Агафону хорошо было знакомо состояние девушки. Он слушал и не перебивал.

- В школе мы трактор прошли, и прошлым летом я с Глашей на практике штурвалила. А батя из меня водовоза сделал. На кой шут нужна мне эта бочковозная механизация? Правильно ребята смеются. Как будто нельзя машину приспособить!

- Сама видишь, что машины едва с зерном справляются, - сказал Агафон.

- Ничего не вижу, совсем слепая и несознательная... По-вашему, раз я девчонка, значит, меня можно в бочку запихнуть. Ты свою агрономшу тоже так агитируешь? - неожиданно спросила она.

Не находя слов, Агафон растерянно заморгал глазами, выдернул из копны пук соломы и снова засунул его обратно.

- Никого я не агитирую, - крутя в руках соломинку, пробормотал он.

- Еще бы! - Даша передернула полными плечиками и приглушенно засмеялась. - Он, мамочки! Даже покраснел студент. Будто бы мы не знаем, что у вас с нею роман...

- Я смотрю, ты слишком много знаешь, - улыбнулся Агафон.

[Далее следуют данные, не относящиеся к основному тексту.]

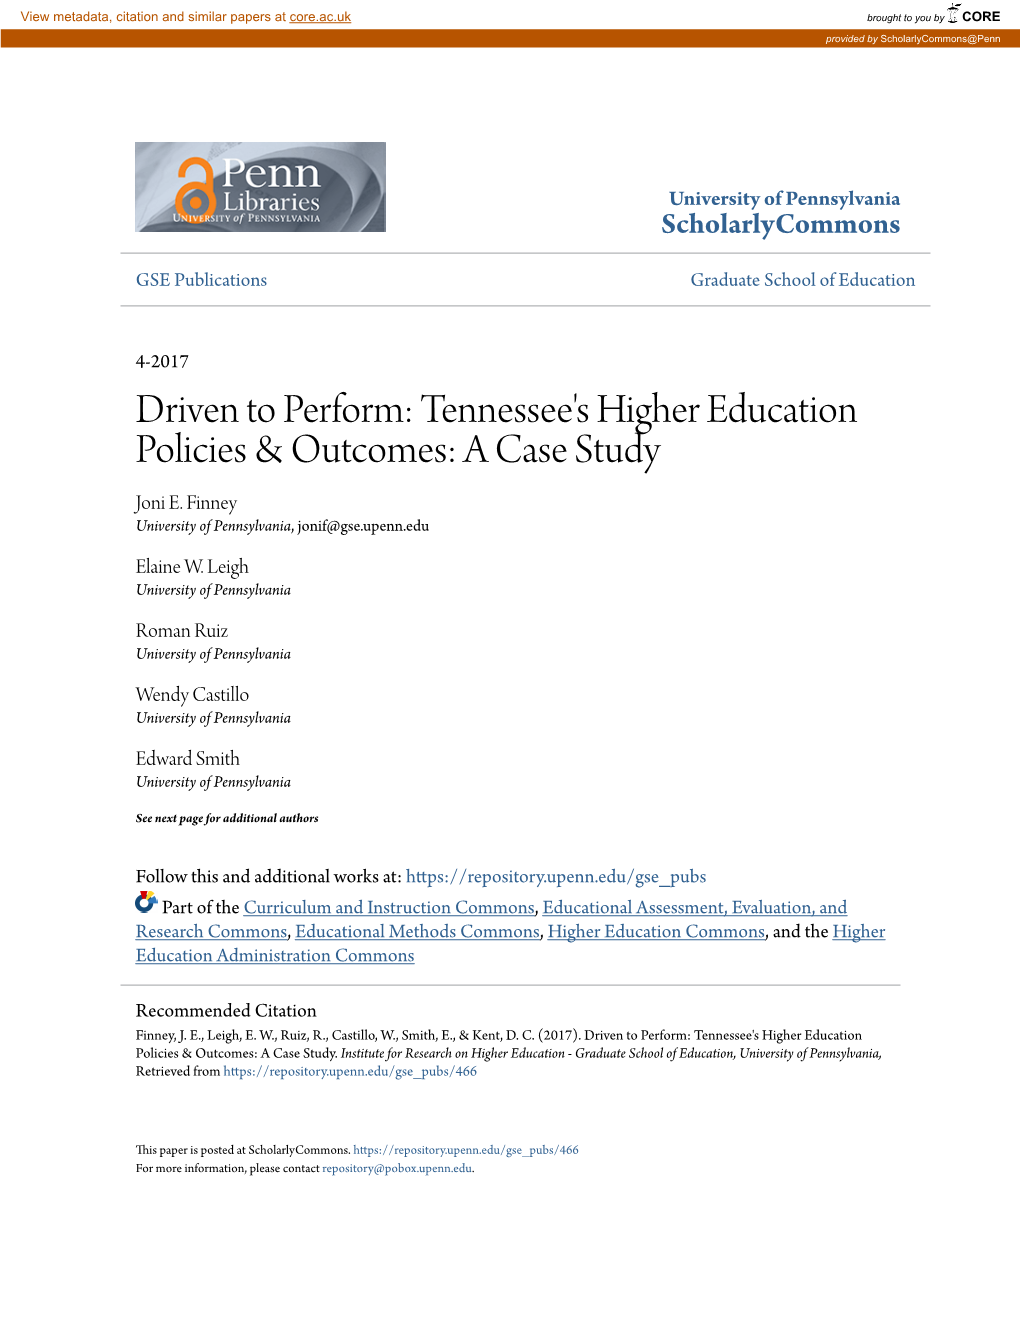 Tennessee's Higher Education Policies & Outcomes

Ему было приятно слушать откровения Даши и в то же время чуть-чуть стыдно. За последнее время у них с Ульяной были добрые, дружеские отношения, и дальше этого пока не шло. После тяжелого разговора в саду они ни разу откровенно не говорили.

- Тут и знать нечего, студентик, - насмешливо продолжала Даша. Тамарка, по которой наш Колька вздыхает, рассказывала нам, как Улечка тебе там, на ферме, яишенки стряпала и молочком подпаивала, как теленочка. Вон она сюда идет. Ладно уж, не стану мешать...

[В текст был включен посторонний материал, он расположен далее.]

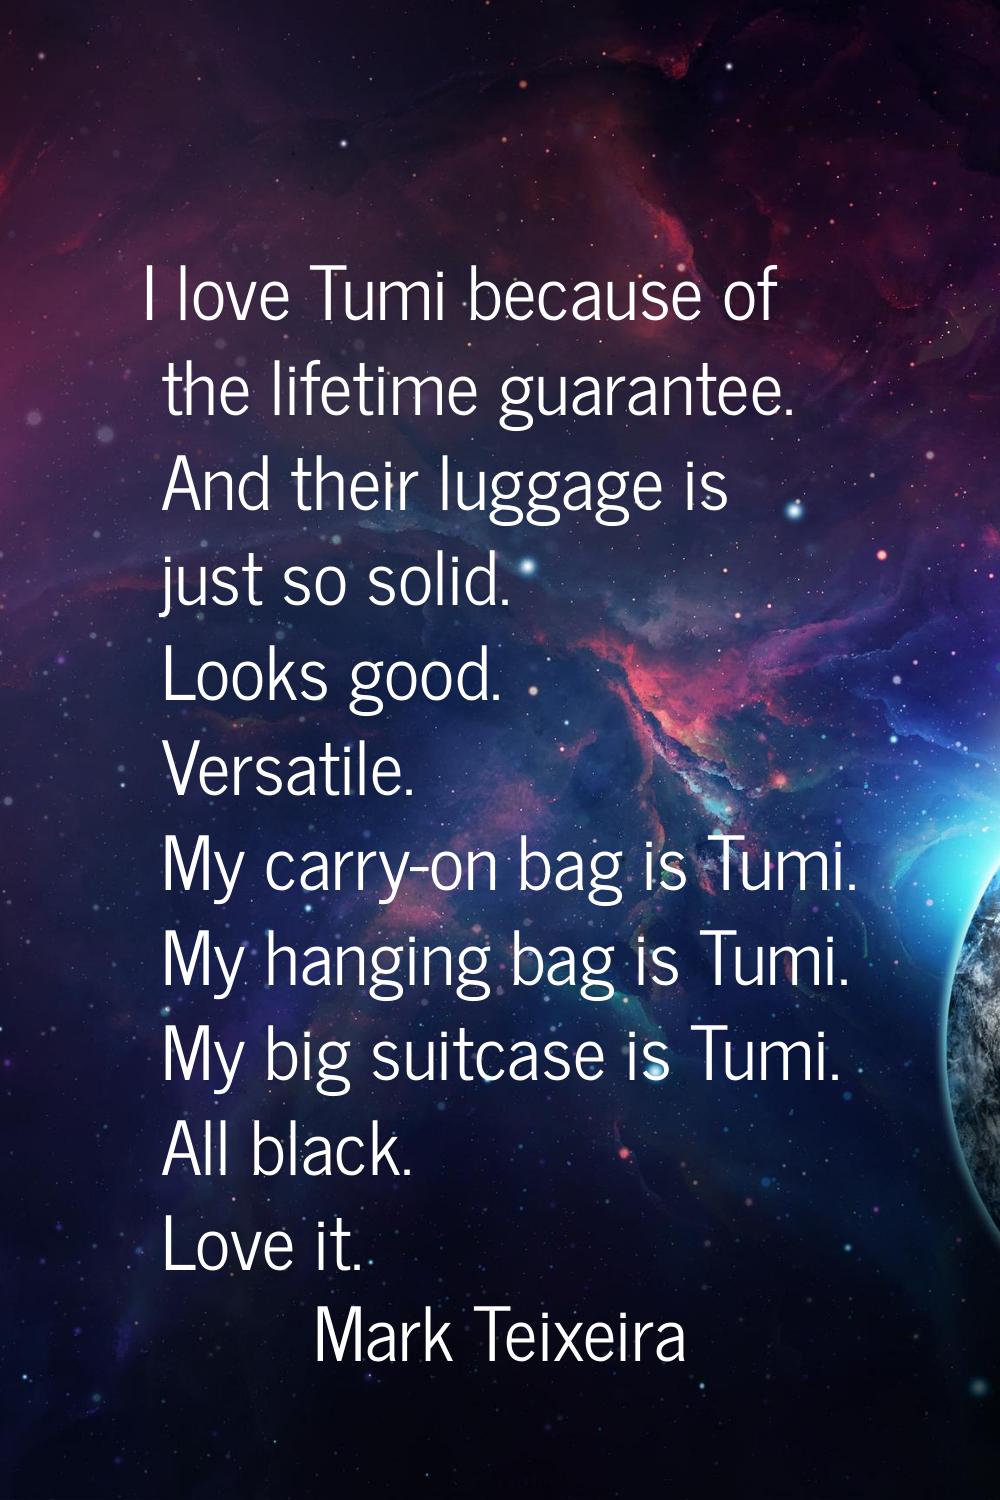 I love Tumi because of the lifetime guarantee. And their luggage is just so solid. Looks good. Vers

Крепкая, сильная, вся какая-то кругловатая, она ловко вскочила, отряхнула с подола розового сарафана мусор, встала к Агафону спиной, потребовала кратко:

- Смахни солому.

Нисколько не удивляясь ее бесцеремонности, он поднялся и несколько раз провел ладонью по мягкой и влажной спине Даши, сдерживая озорное желание дать ей хорошего шлепка... Она поблагодарила его, обернувшись, на ходу добавила:

- Мы еще с Федькой нашему папаше преподнесем такой кувшинчик, будь здоров!..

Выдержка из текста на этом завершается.